I've said all along, I think that everyone that's associated with the University of Texas and they come to Texas, whether they're an athlete or a student, they come expecting great things to happen. We have got a great university. We have got a great athletic director that gives us everything that we need. I think that, and these guys can answer this, I think that amongst the athletes on campus, we all pull for each other. I think there's a level of excellence that we're all seeking to get to. We're proud of obviously our football team, baseball team, swimming team, you go down the line. It's not just those two programs. I think that -- and certainly in basketball we know what we're chasing, but the expectations that we have for ourselves has nothing to do with that, other than the fact that this basketball team here came to Atlanta with the idea that we want to win two games and we can get that done and we'll go home and regroup and try to go again.
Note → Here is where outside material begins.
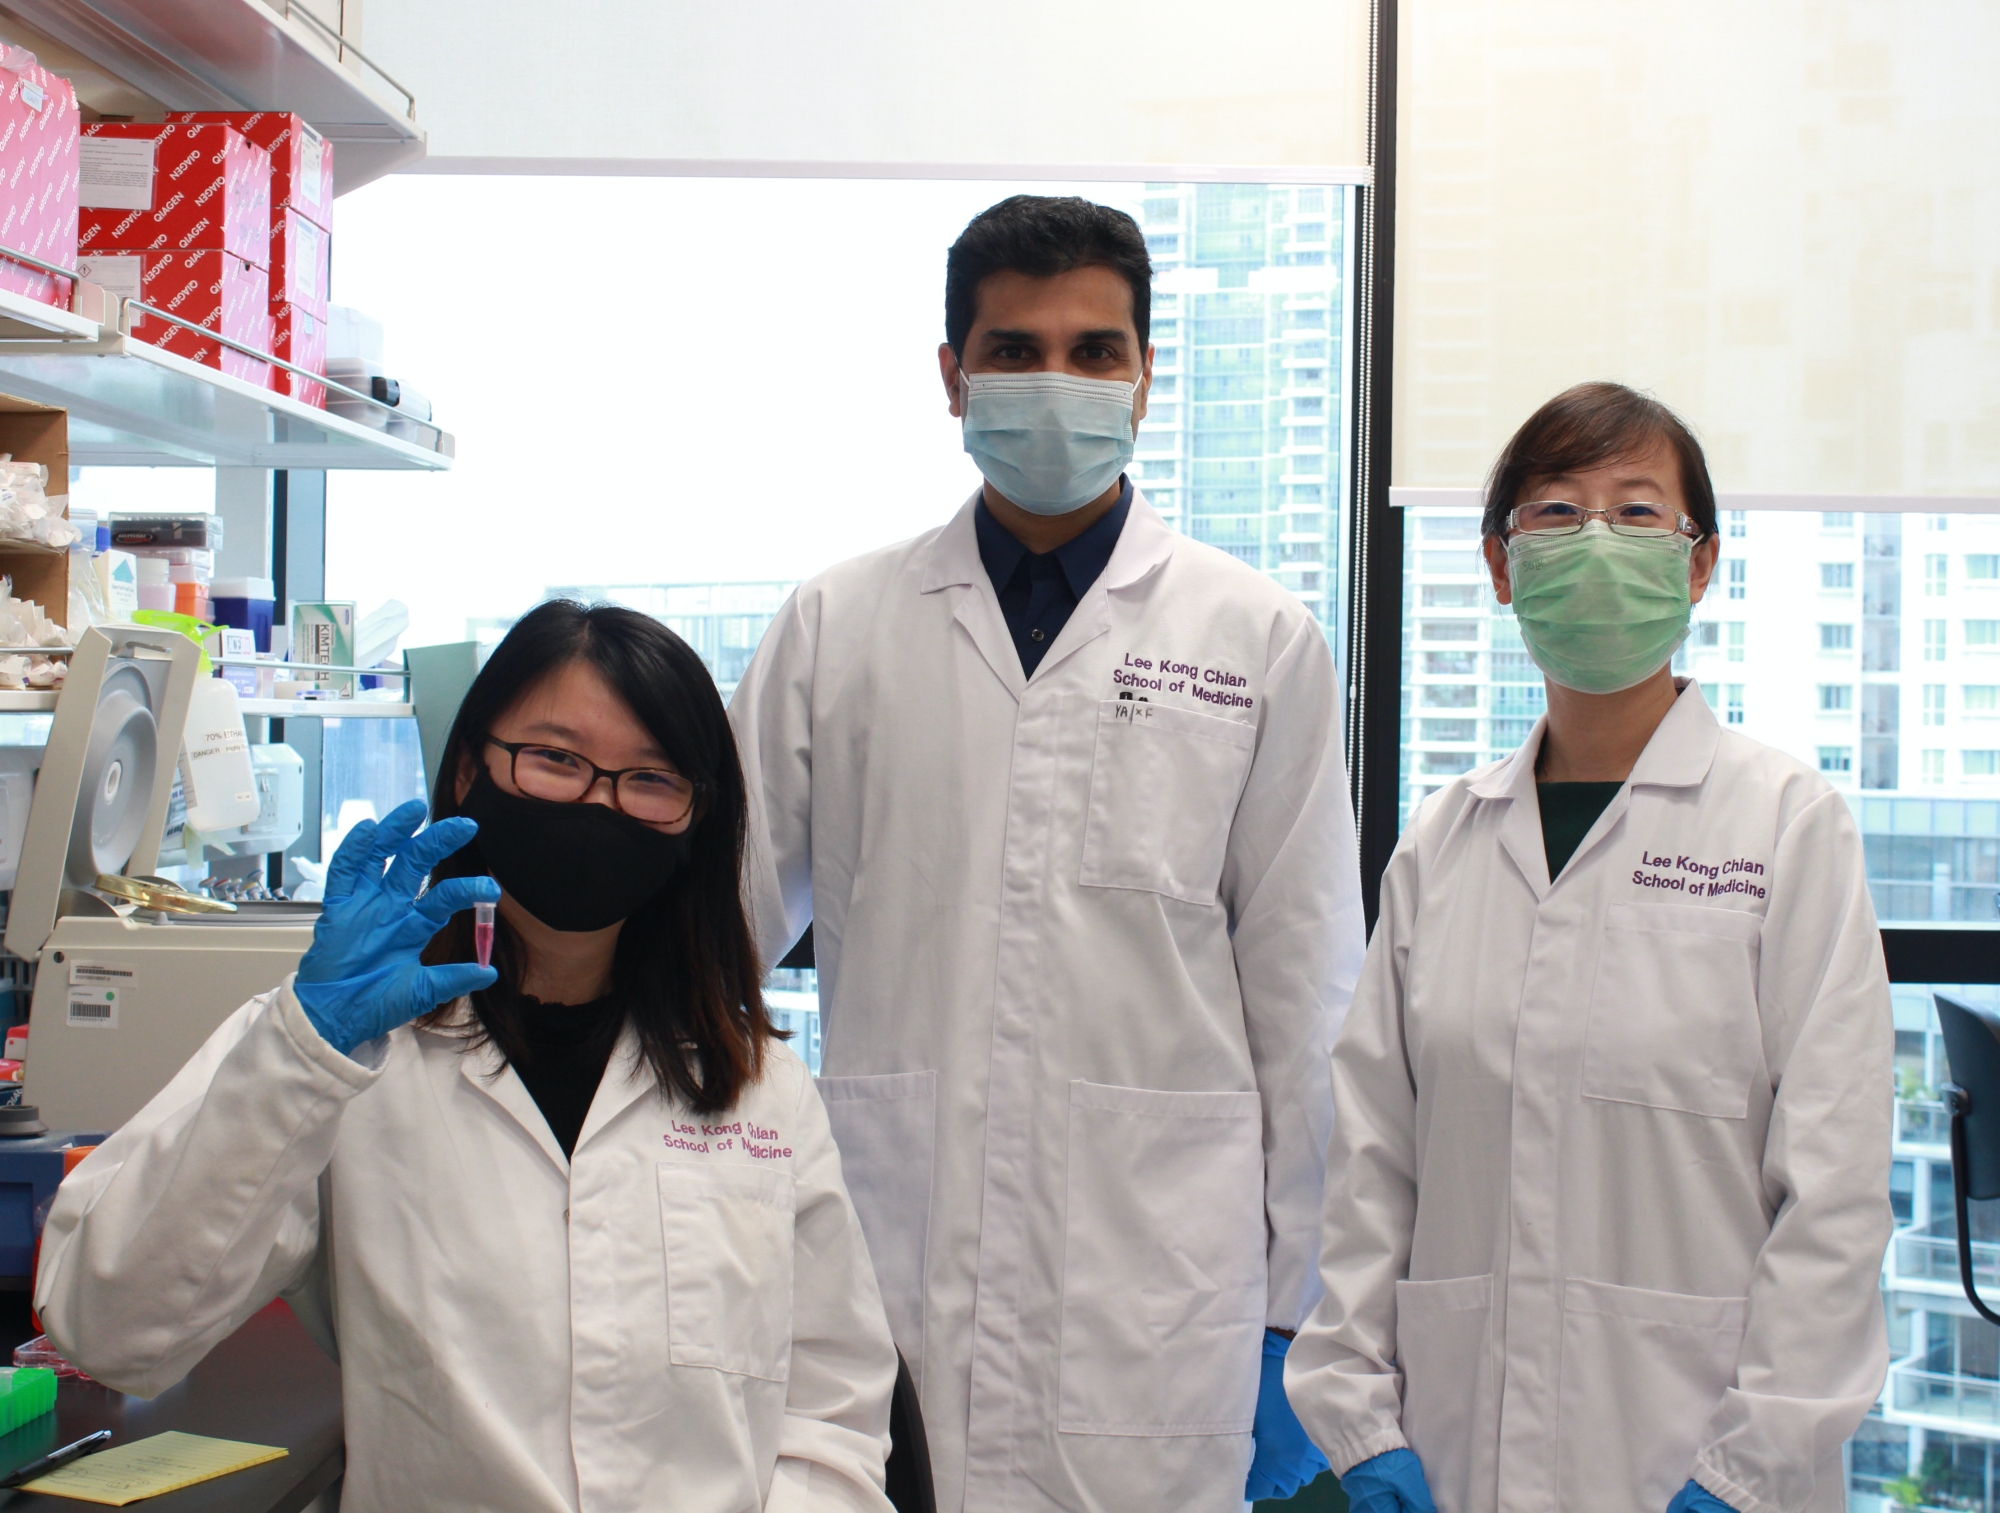 NTU Singapore scientists develop oral insulin nanoparticles that could one day be an alternative to injections

But we have had a great focus about ourselves all year, trying to take care of what's right in front of us. And we know people are going to talk about Texas and the athletic department. But we're all proud of it.
P.J. TUCKER: Like Coach said, I think we probably put more pressure on ourselves than anybody can ever try to put on us. So we expect ourselves to do well and even with all the great teams we have had, at our school in football and every other sport, I think that individually and as a team we all put pressure on ourselves to go out and perform. So I don't think we get any extra pressure from anybody.
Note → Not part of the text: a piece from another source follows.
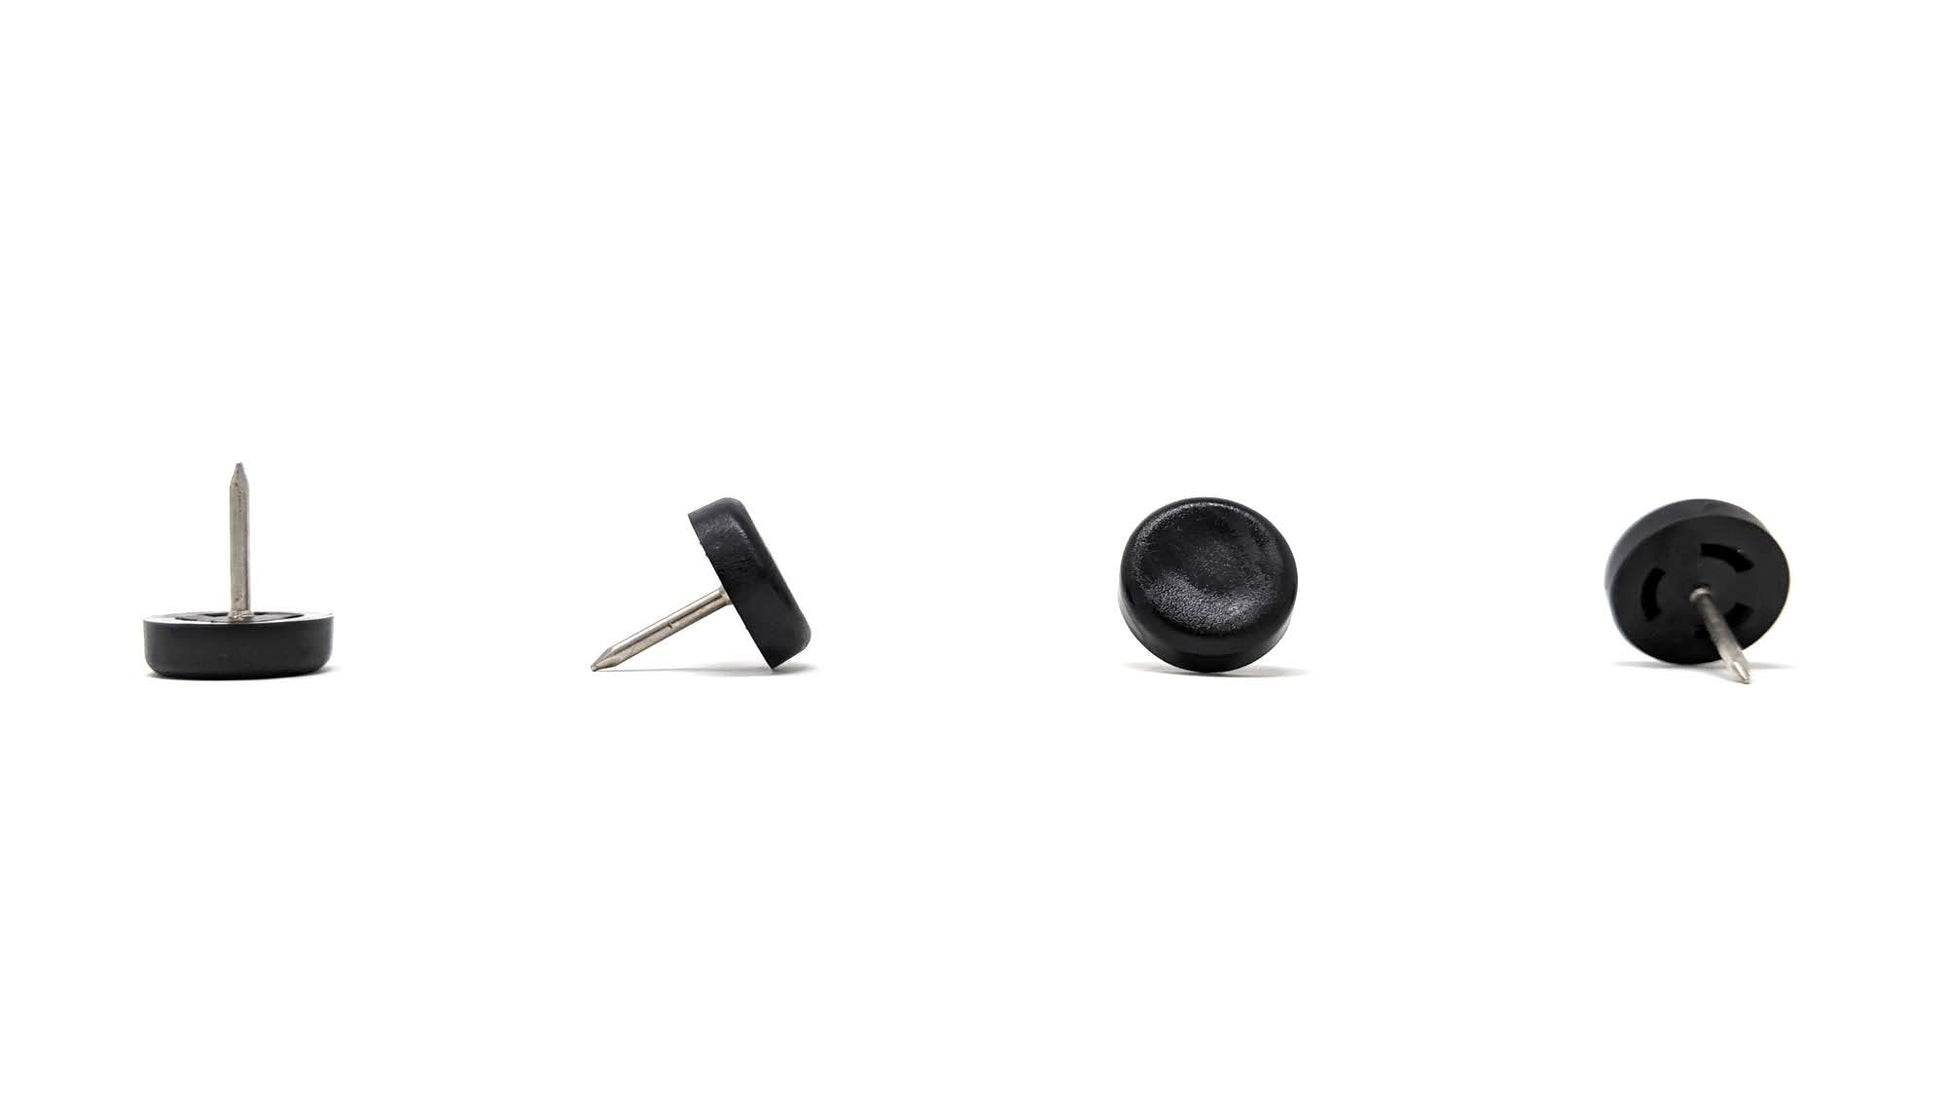 18mm Black Plastic Nail On Gliders - Made in Germany - Keay Vital Parts

DANIEL GIBSON: Coming in, once you come into Texas, you automatically get that feeling that you're striving for excellence and once you put on that brown and orange, you're playing for your school. So definitely we always are proud of the football team and other sports and every time you step out on the floor you definitely are trying to do big things, just because, I mean, you're a part of Texas tradition and that's tradition that's excellence.
Q. Kenton, I was wondering, number one, do you enjoy the new-found celebrity and spotlight you're going to have now? And number two, does that shot put you in the same level as say Vince Young on Texas's campus?
P.J. TUCKER: He walked into breakfast this morning with shades on.
COACH RICK BARNES: And he actually did say Vince who?
P.J. TUCKER: He had a new pair of shoes.
KENTON PAULINO: You know, until we win the National Championship I don't think anything compared to what Vince did, but you know, this new-found celebrity or whatever you want to call it, I mean, no, I just take it for the moment. Guys can tell you I never let anything get to my head. I forget about this as soon as we go out there and we start shooting around and as soon as Coach starts talking about what we have to do for LSU, it will be a memory until, until I'm about -- until the season is over and all that stuff. But I just take it in as it comes.
Q. Coach, do you believe in destiny?
COACH RICK BARNES: Ask me in a week or so and I'll tell you.
(Laughter.) I don't know. Sometimes I think I do, sometimes I'm not sure. I don't know. I'm not -- I haven't thought much about it. I believe that if you work and you go about your business the way you need to every day and if you keep focused and don't allow outside things to creep in and if you're chasing something and if you stay with it, handle the ups and downs, I think that some way, somehow, something good will happen. If it doesn't, you're going to learn something from it.
But I don't know, I don't know, I do think sometimes we -- things happen and that's the word we use. But I haven't thought much about it just other than trying to take care of the process we're going through right now.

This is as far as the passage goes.